EXERCISE
Reproduce the listing that follows character for character, excluding its pictures.

INFORMATION SHOWN
######
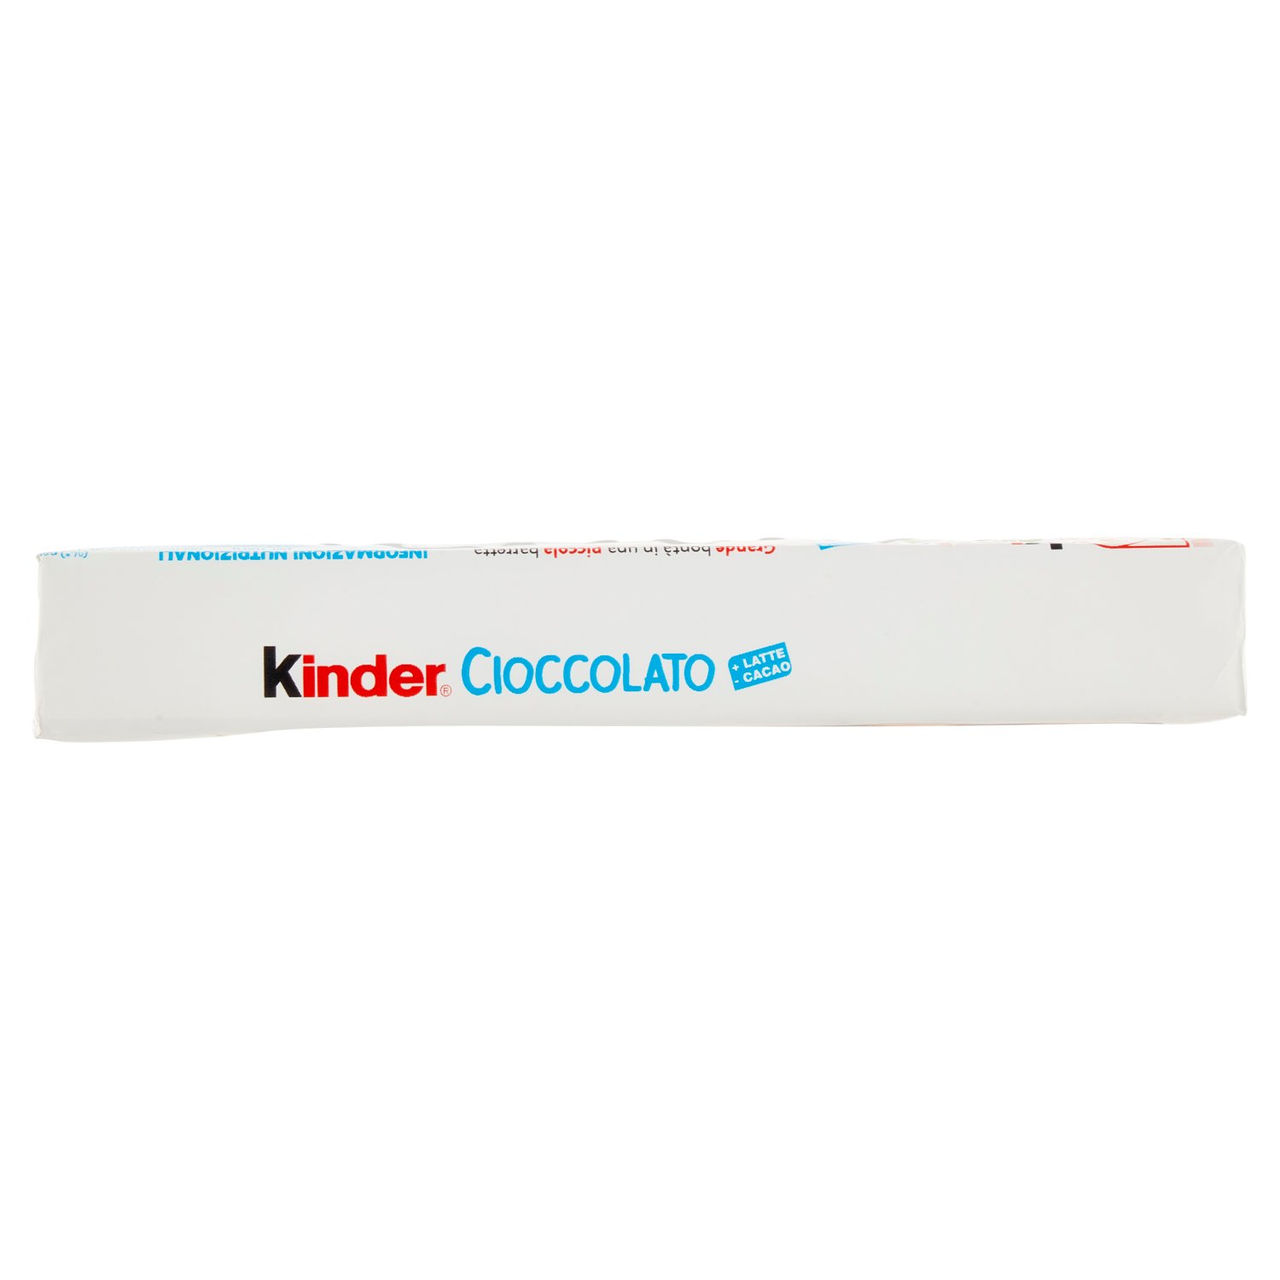 Kinder Cioccolato 16 x 12,5 g in vendita online
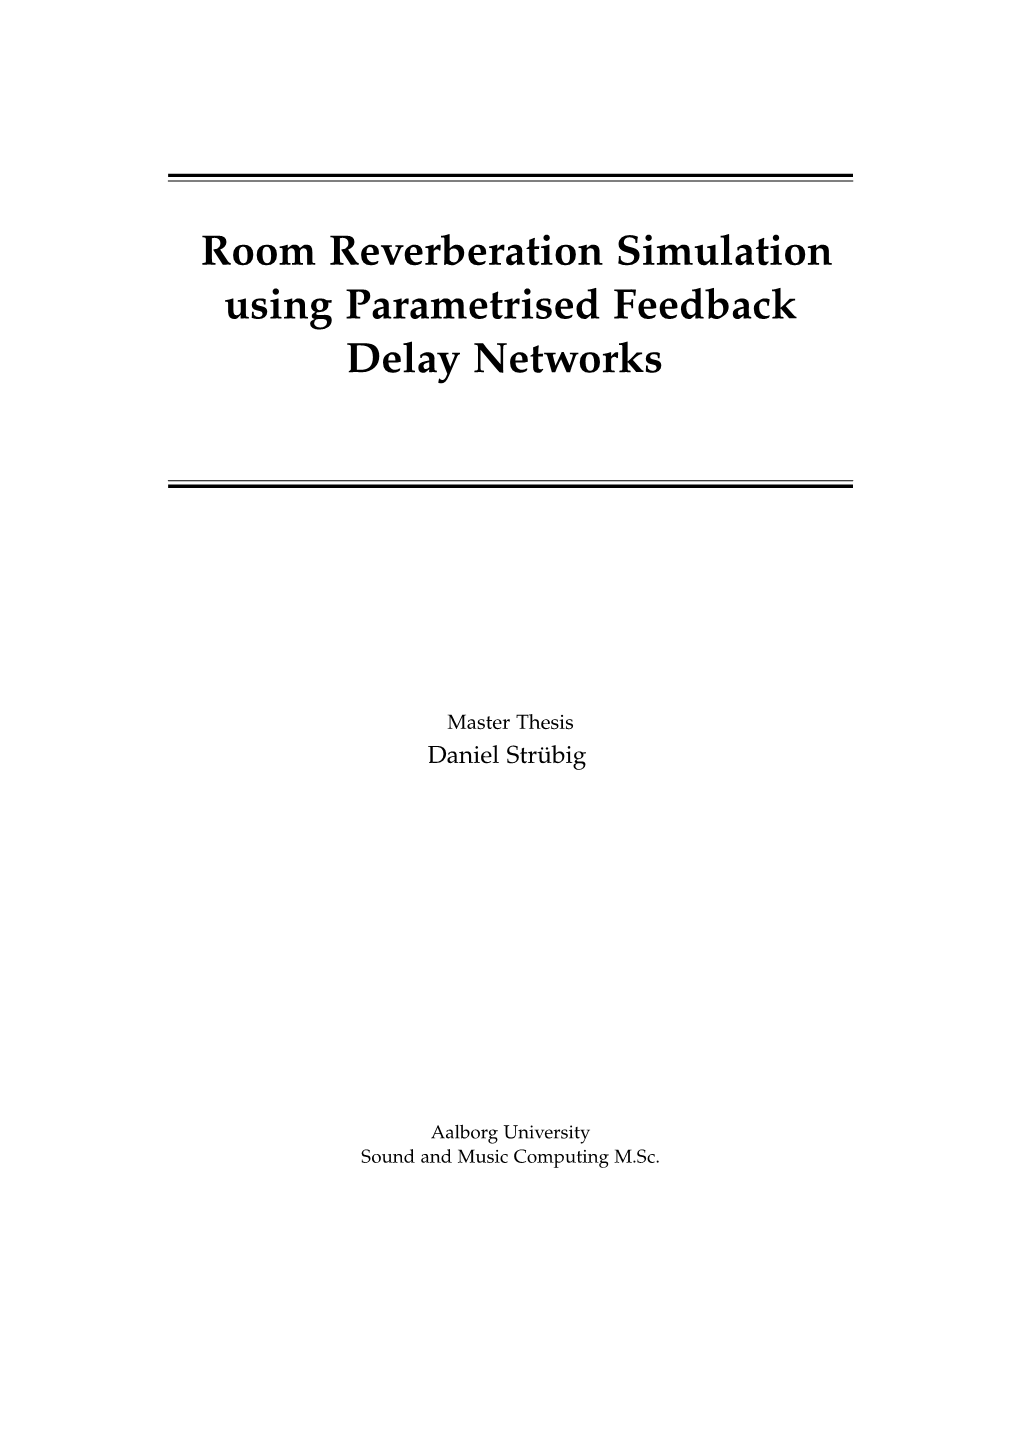 Room Reverberation Simulation Using Parametrised Feedback Delay Networks
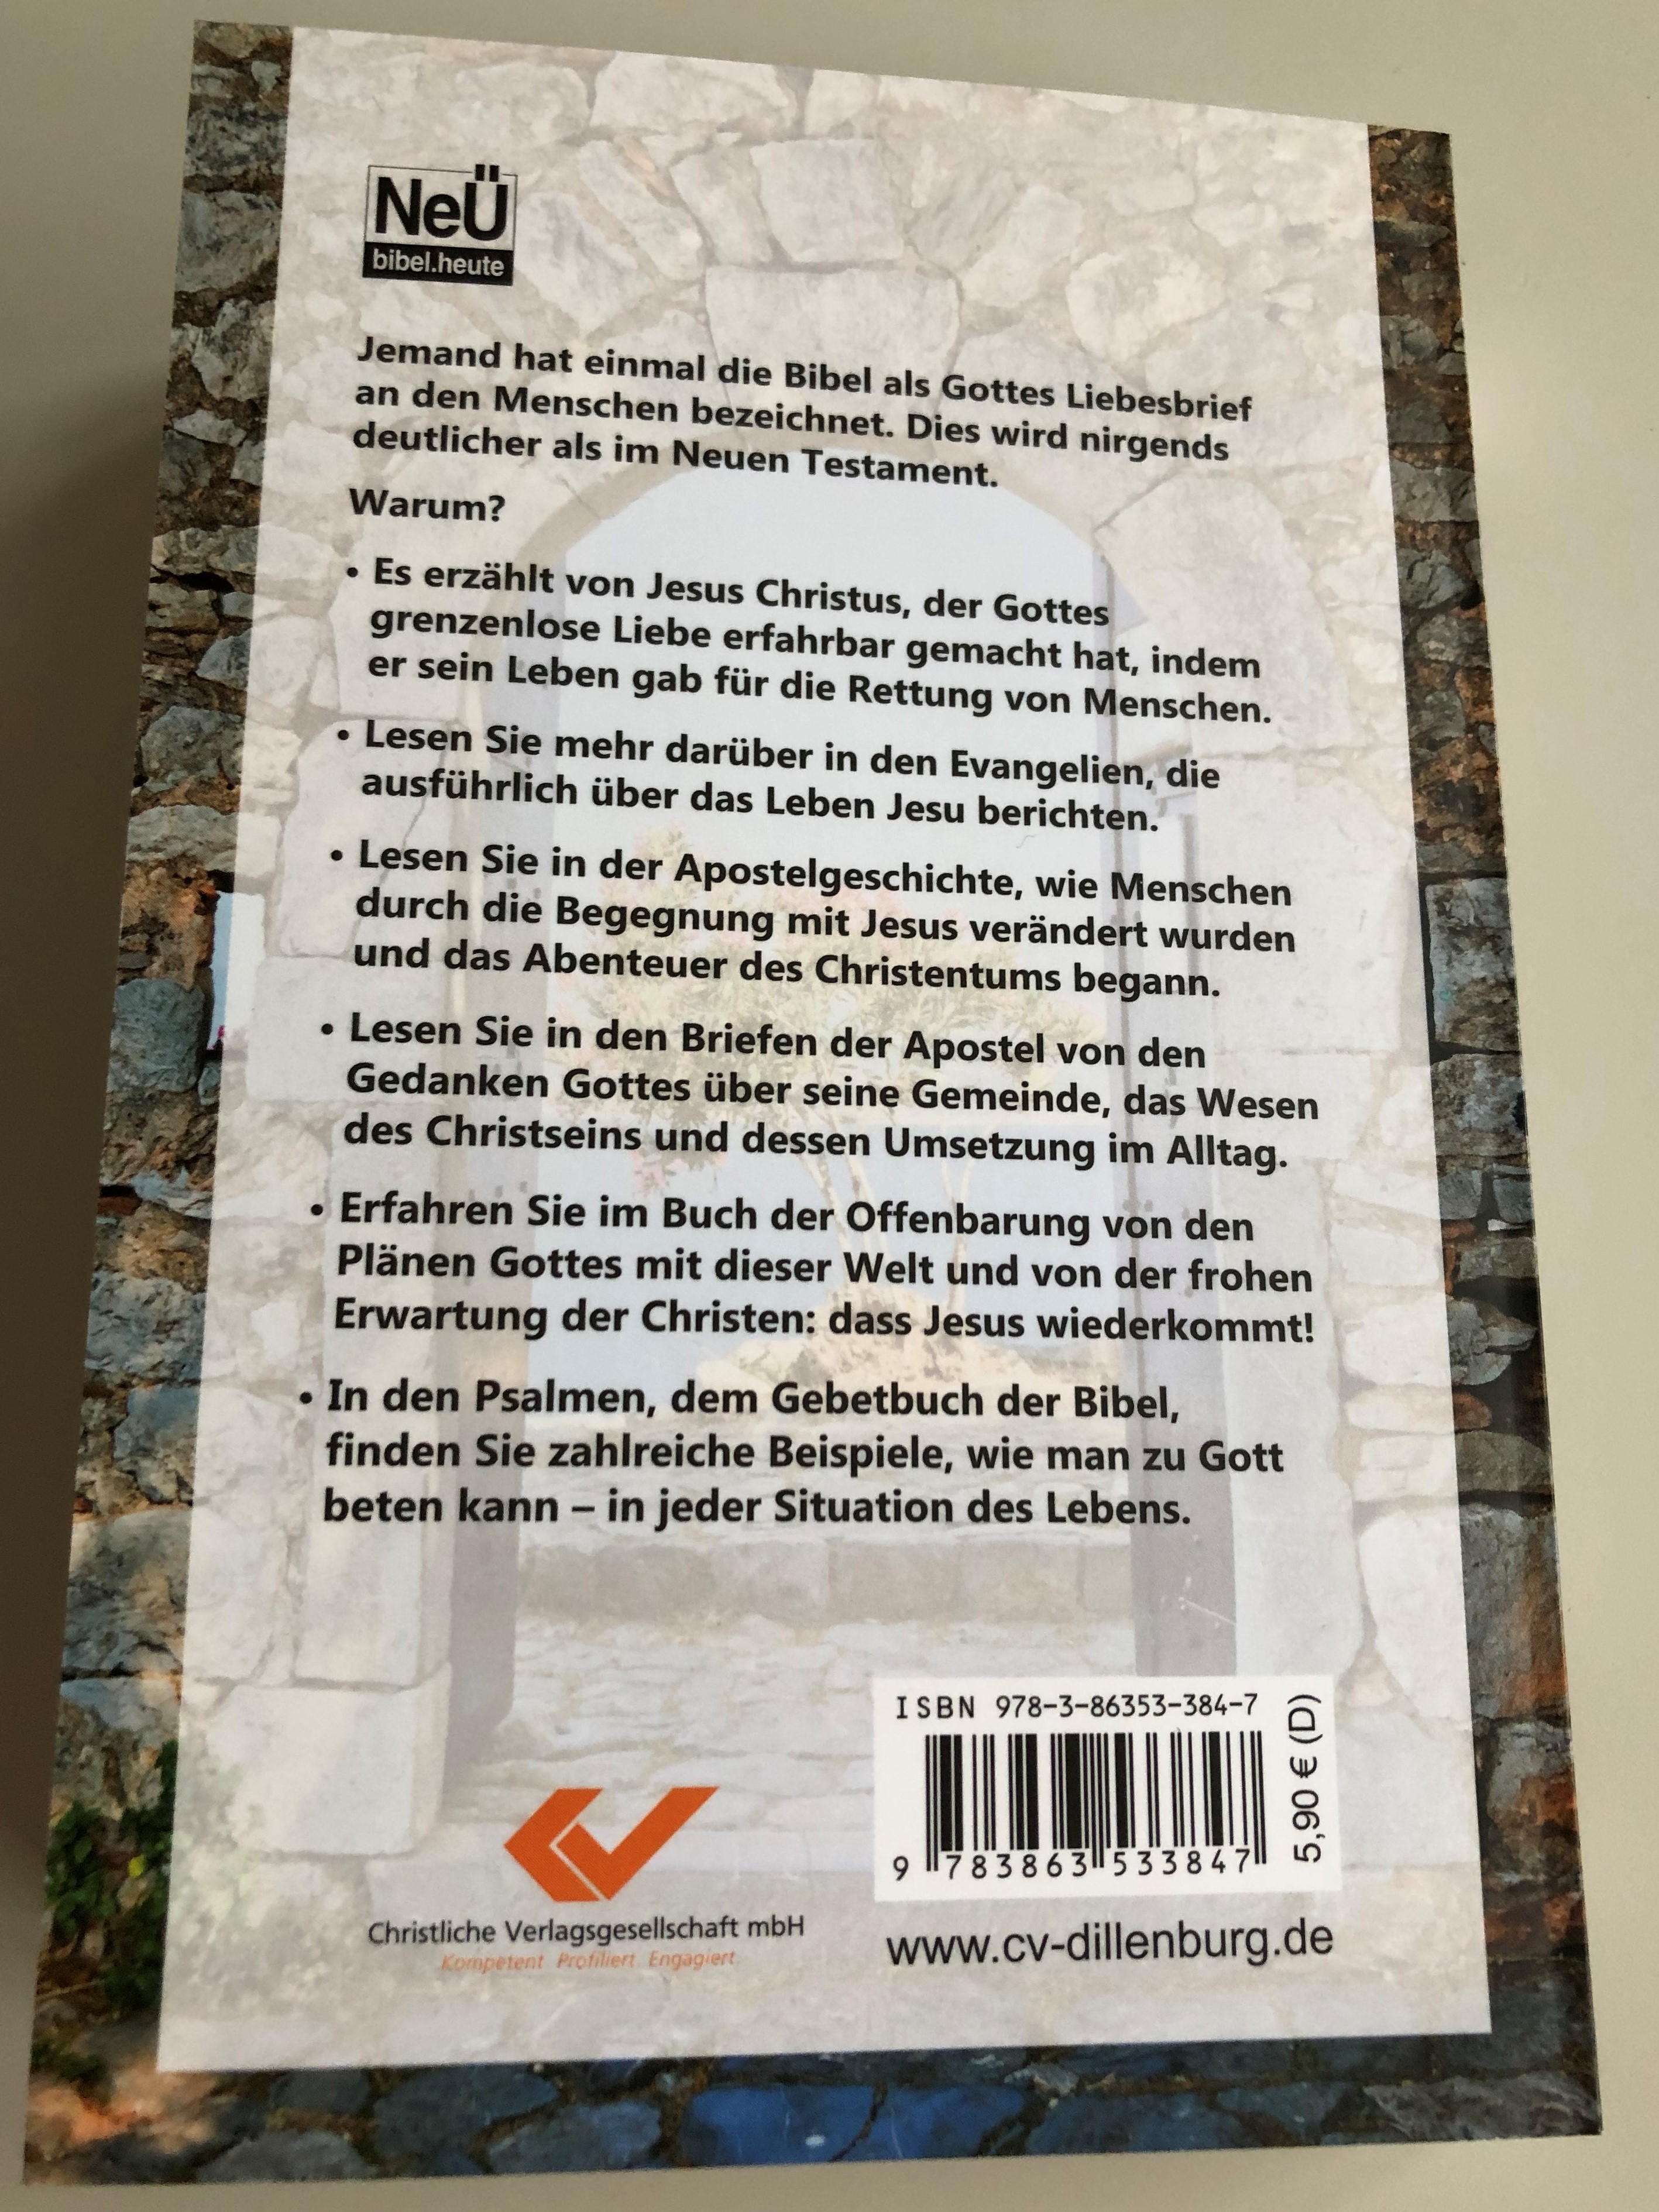 bibel.heute-german-language-nt-with-psalms-10.jpg
######
TASK SOLUTION
 Kinder Cioccolato 16 x 12,5 g in vendita online
 Room Reverberation Simulation Using Parametrised Feedback Delay Networks
 bibel.heute-german-language-nt-with-psalms-10.jpg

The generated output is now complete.